Picture of hand with knifeLast night for some reason known only to my brain I woke up thinking about self-editing and how one goes about this rather onerous chore. Some parts are relatively simple and here I mean looking for over-use of adjectives and adverbs, typos, lousy sentence construction and the like. The hard part is deciding what is part of your story and what is not.

We’re often told that if it doesn’t advance the story, cut it out. Which is fine and makes sense. Of course it does. But what does that really mean? I started to consider my Iron Admiral books. I’ve written a post before about how I nearly killed the story through over-editing (click here to read it). After that, I split the very long novel into two shorter ones and set about reconstructing. In that process I had to decide what was in and what was not, given I’d thrown out whole chapters as well as smaller scenes. And I have found that some of the scenes I judged initially to be extraneous to requirements and added back with some misgivings, were stand-outs in revealing character and adding depth to the story.

The best example was that Admiral Saahren sent Allysha, the love of his life, flowers. He sent them anonymously, but he sent her love lilies, flowers which in the Confederacy Fleet had a particular significance. Originally, I’d asked myself that question – if I leave this bit out, will the story still stand? Will anybody notice? Let’s face it, the answer was ‘yes’. By rights, the flowers didn’t add to the plot and certainly the historical background to the origin of the love lilies story was extraneous. Yet more than one person loved this side of Saahren’s character. You could say the same thing about his visit to a market with Allysha, where she admires a bolt of cloth. Or for the flashback where Saahren relives his sister’s death. Or for the discussion between Allysha and a senior officer on Saahren’s flagship, who reveals information about the Fleet’s officer corps.

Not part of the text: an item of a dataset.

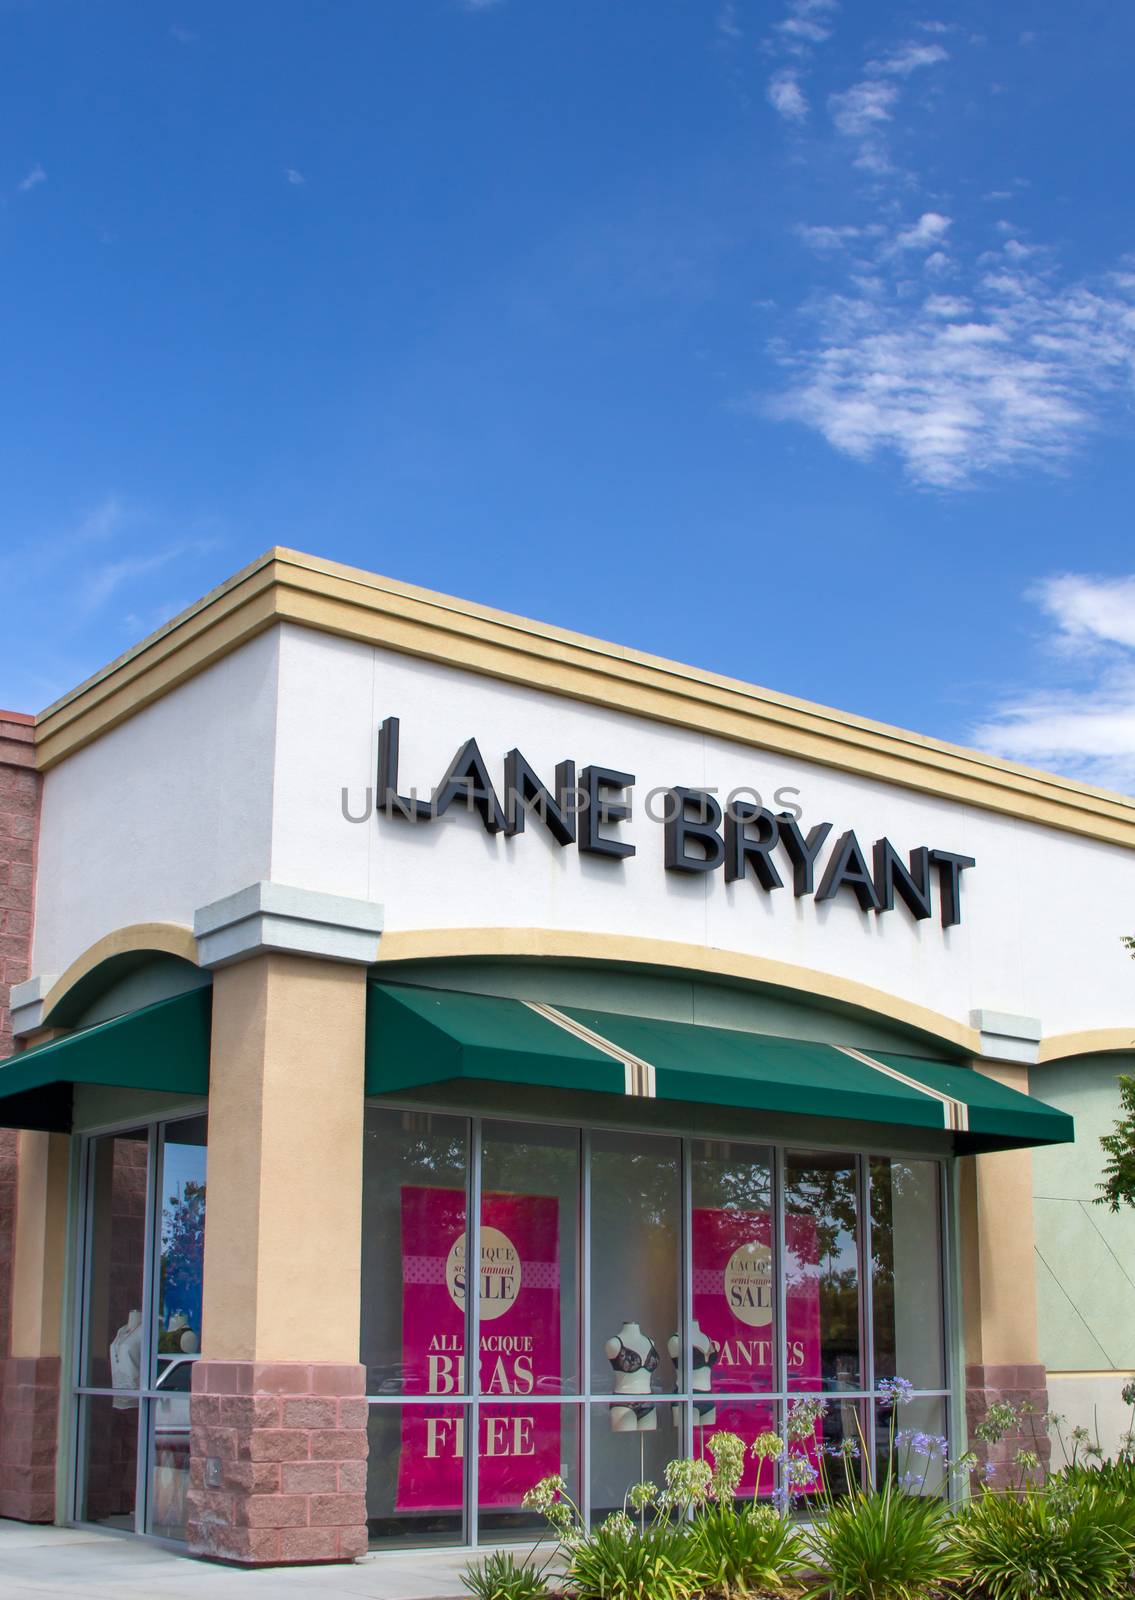 Lane Bryant Store Exterior by wolterk

So take care when you ‘murder your darlings’. Sometimes it has to be done, but there is more to a novel than a plot. Characters must be believable, the setting in which they operate must be three-dimensional. These days, if I read some of my own work and find myself wondering why this chapter is there, I’ll consider a cut but I think carefully about eliminating a scene which adds depth or character. I always find myself coming back to The Lord of the Rings and Frodo’s sojourn with Tom Bombadil. Sure, the story stood without it but I loved that section, regardless.

What about you? Have you had second thoughts about eliminating scenes? Or some advice on what to cut?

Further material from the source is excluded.